First, if you ask any experienced self-publisher what is the best way to grow a network, they will almost always tell you to start blogging. Seriously. You get to practice writing skills, explore new concepts, engage in dialogue with other writers, and meet new writing buddies. And, once people know about your blog and all the cool stuff on it, they are more interested in the other writing you do.

Image result for social mediaNext, use social media. This was a hard one for me, and I’m still not great at it. I had to figure out that on Facebook, images are more likely to catch people’s attention than plain text. I had to track down public domain gifs for Twitter. I had to learn exactly what a hashtag is (and why one always precedes “majestic thorin”). However, it’s starting to pay off.

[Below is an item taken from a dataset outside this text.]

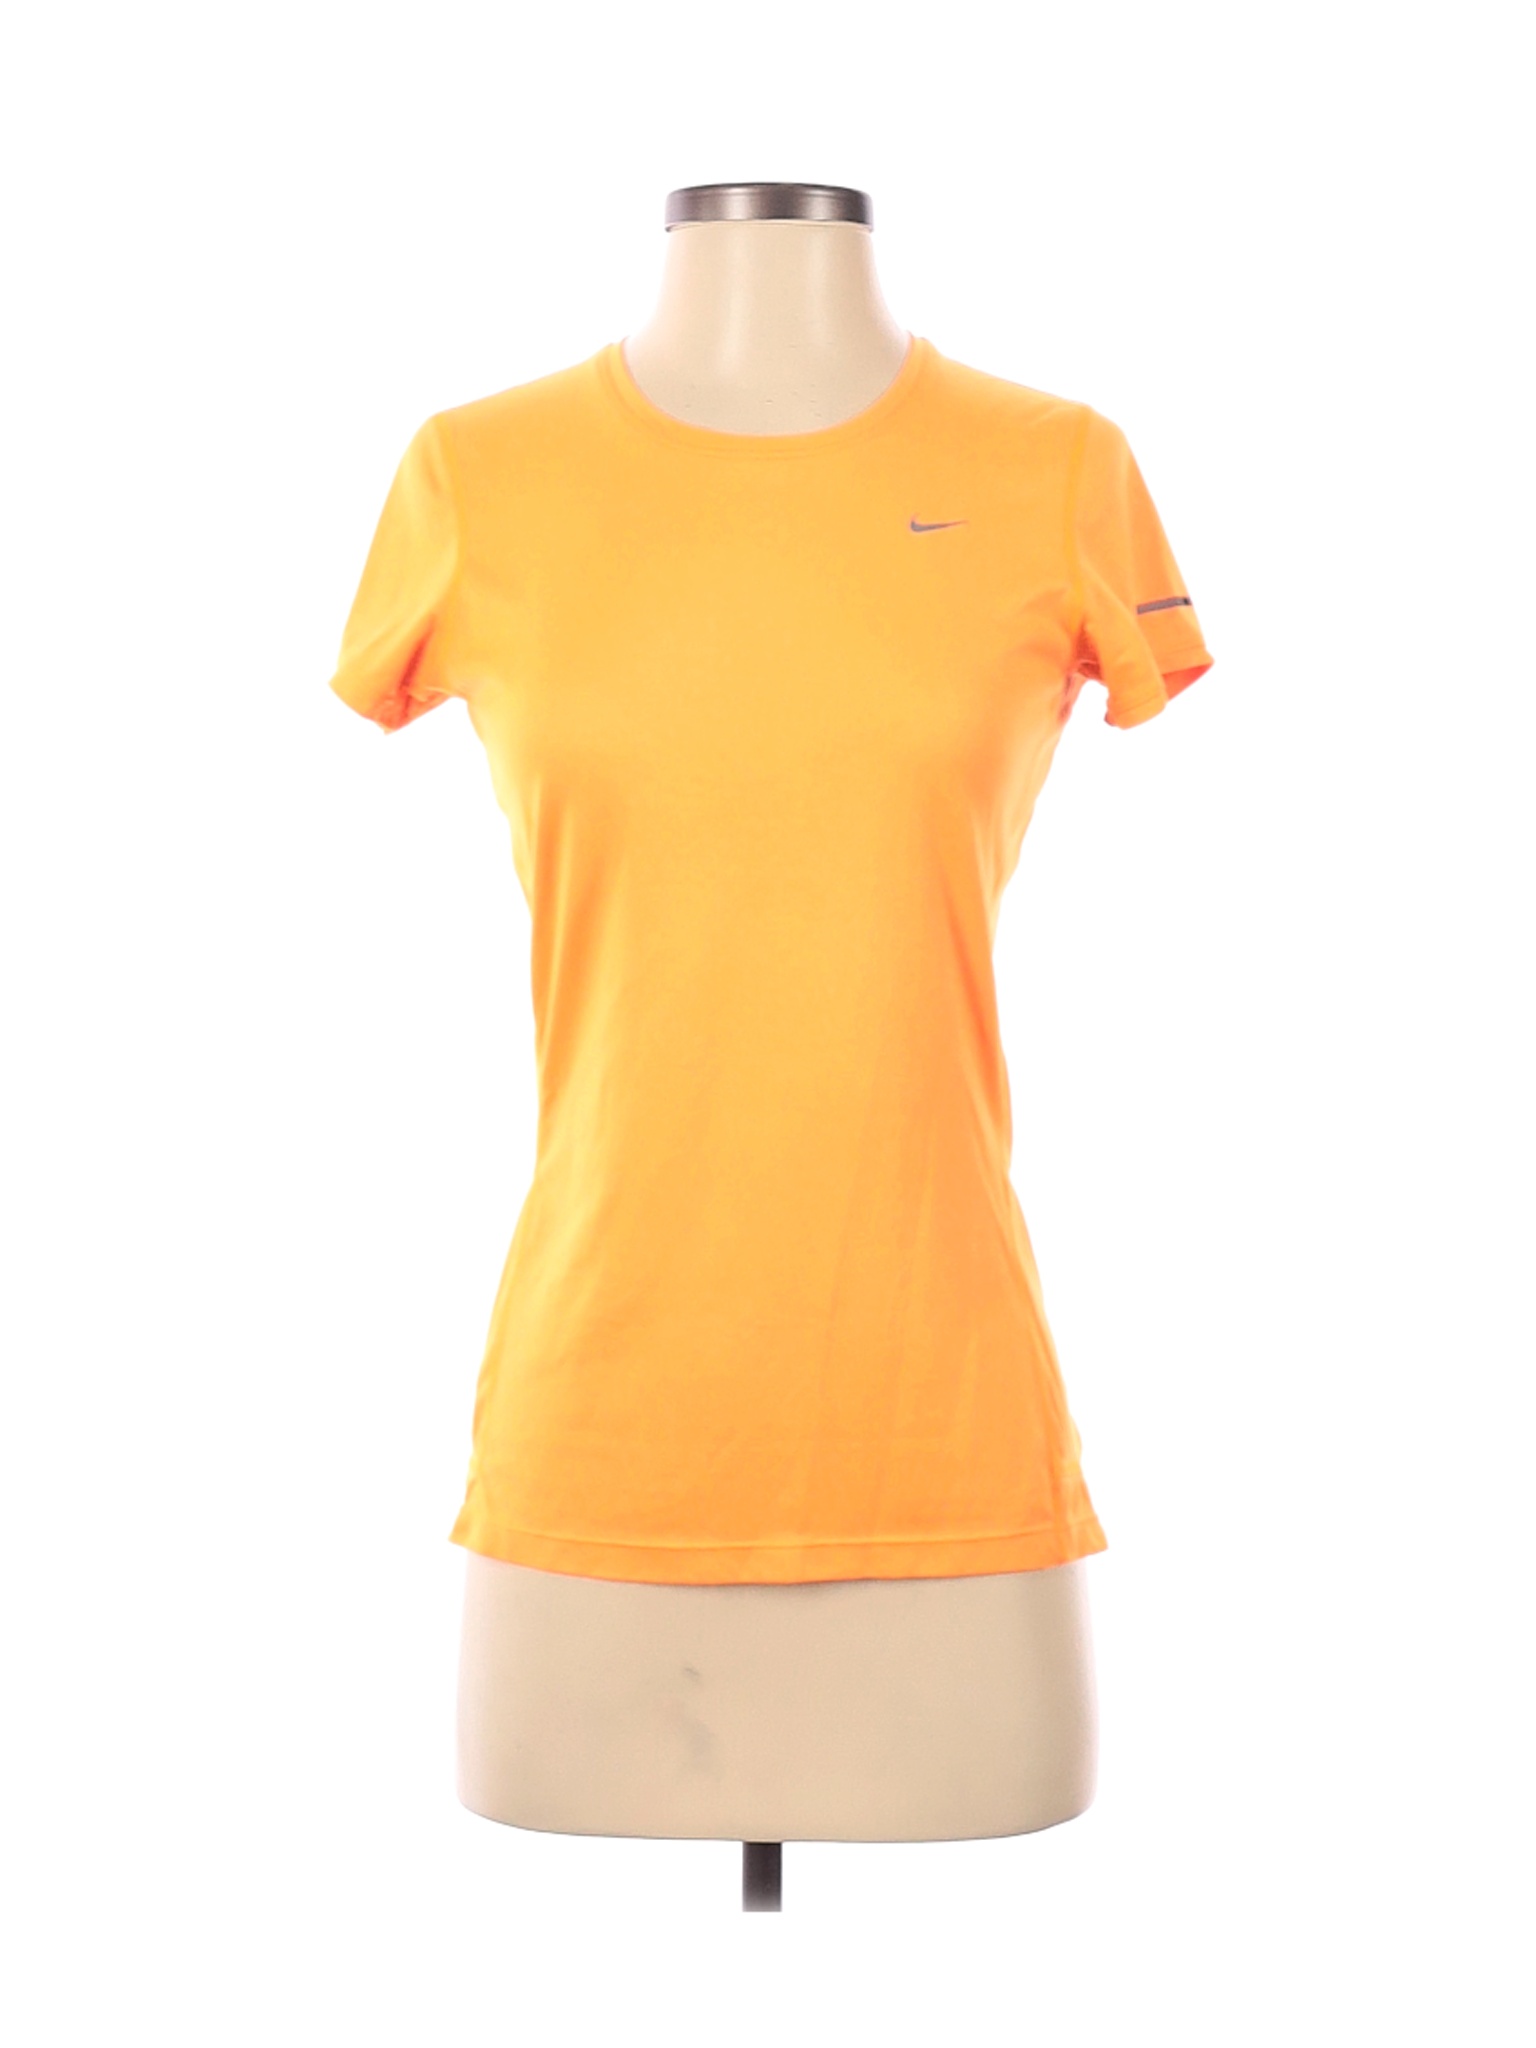 Nike Women Yellow Active T-Shirt S | eBay

I’ve met other authors and fans, and we share the word about each others’ favorite books. Win-win!

Try Goodreads. If you’re an avid reader, you probably have some experience with this database of books and authors. But did you know that Goodreads also has an author program? Authors can sign up for an account (and link it to Amazon) and upload their own books. This way, you can get word of your book right to your intended audience: real readers. Besides marketing, you can write book reviews of your old favorite classics, search for other authors and books, meet other story enthusiasts, and keep a record of your most recent reads. (Check out the links below.)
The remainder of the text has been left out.